Monday, May 3, 2010

Surveying the Hill

A portion of Dr. Walter B. Hill, Jr.'s voluminous library was donated to the Sylvia Gaither Garrison Library. Dr. Walter B. Hill, Jr. was a commissioner of the Maryland Commission on African American History and Culture; the Senior Archivist in Afro-American History at the National Archivies and Record Administration in College Park, Maryland; a member of the Executive Council of the Association for the Study of African American Life and History; the Chief Historian for the African American Civil War Memorial; and the director of the Modern Archives Institute. He authored: Federal Records Relating to Civil Rights in the Post World War II Era and edited: The Book of Names.

The Walter Hill Collection consists of approximately 500 books and serials. The collection is eclectic and diasporic, containing information concerning people of African descent who live in Africa, the Carribean, Britain, and Latin America. The bulk of the collection, however, focuses on African American history and culuture.
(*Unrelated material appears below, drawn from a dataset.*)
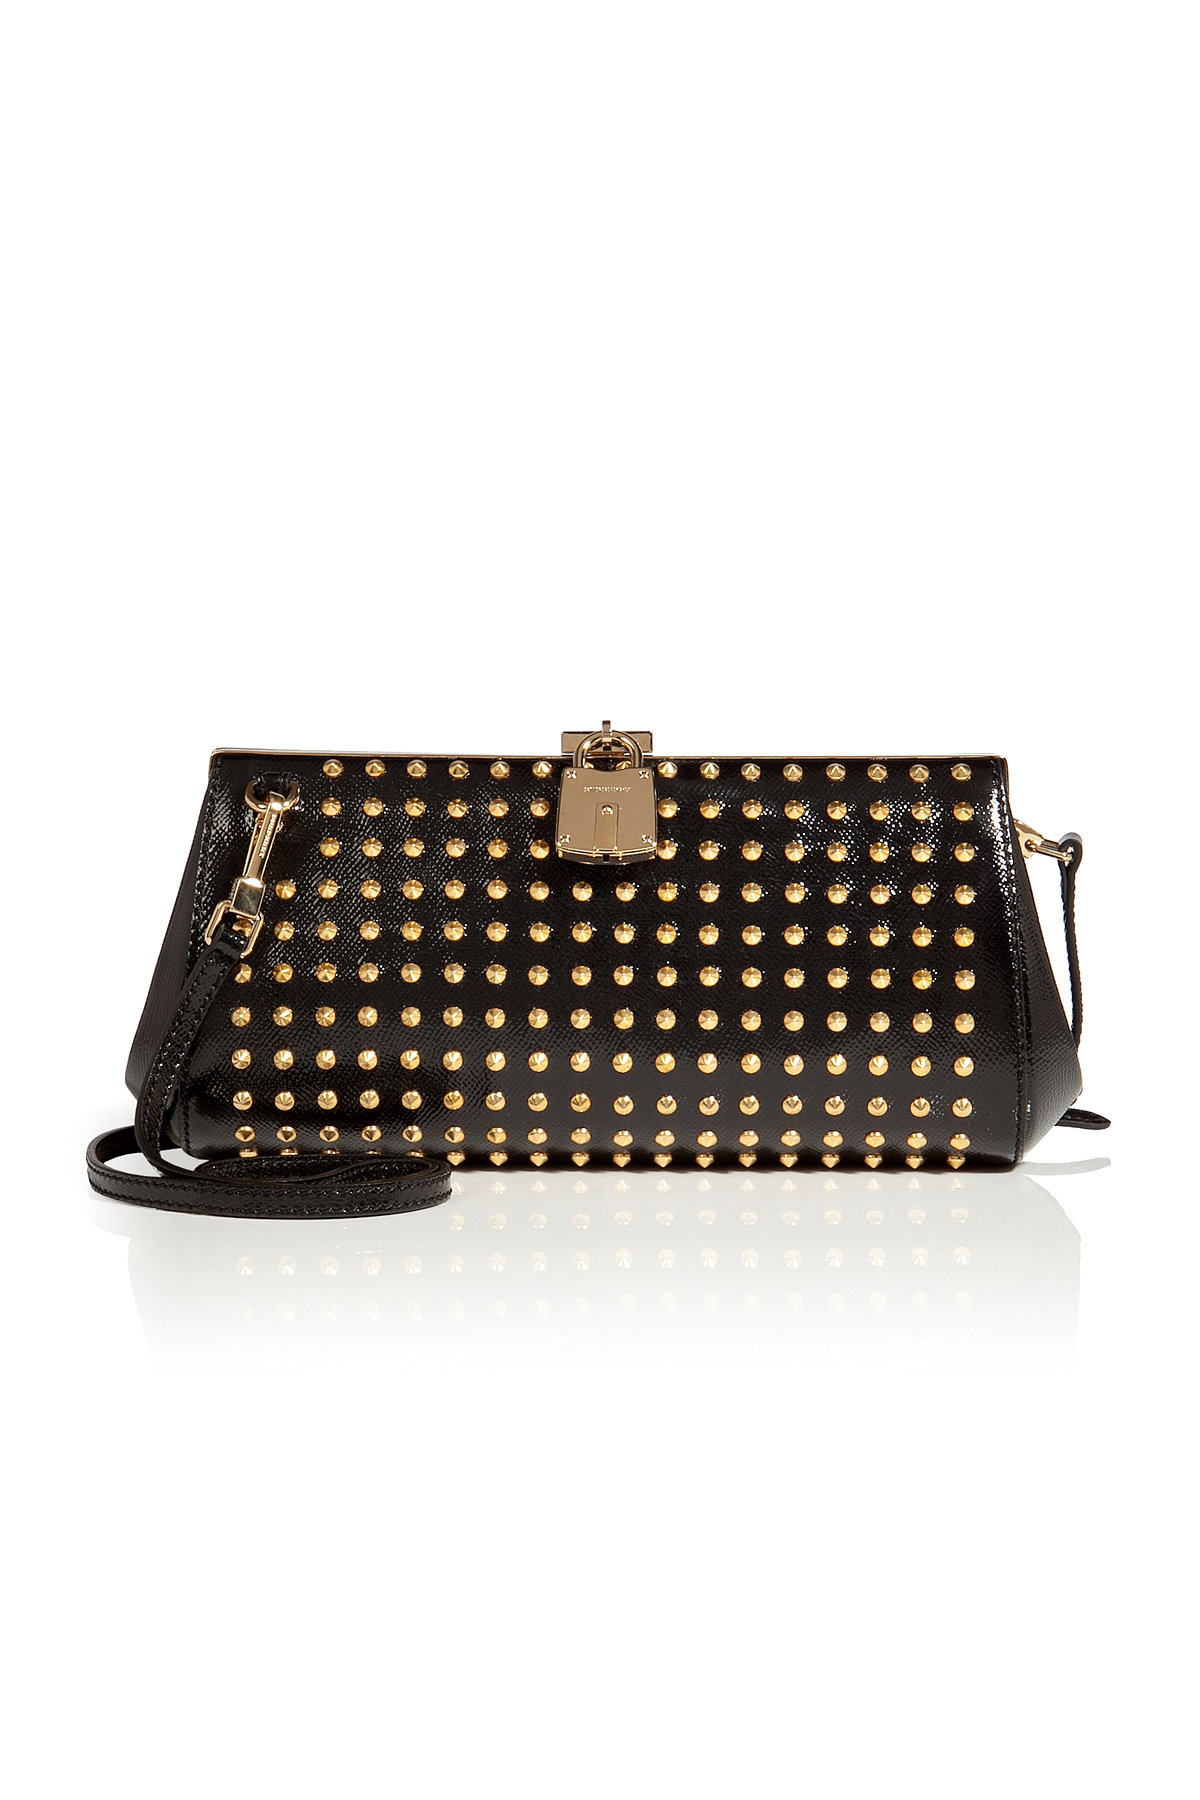 Burberry Studded Leather Clutch in Black in Brown | Lyst

Some of the items in the collection have high historic value for the library: The Papers of Martin Luther King, Jr., The Book of Names, which includes Robert Jones, an African American who fought in the Civil War whose historic papers the library owns, Federal Records Relating to Civil Rights in the Post-World War II Era, a book signed by Dr. Hill, David Levering Lewis' Pulitzer Prize winning work: W.E.B. Dubois, 1868-1919: Biography of a Race, Shades of Freedom, which was signed by A. Leon Higginbotham, Jr., From Slavery to Freedom, signed by the legendary John Hope Franklin, and Dreams of My Father: A Story of Race and Inheritance, President Barack Obama's first book.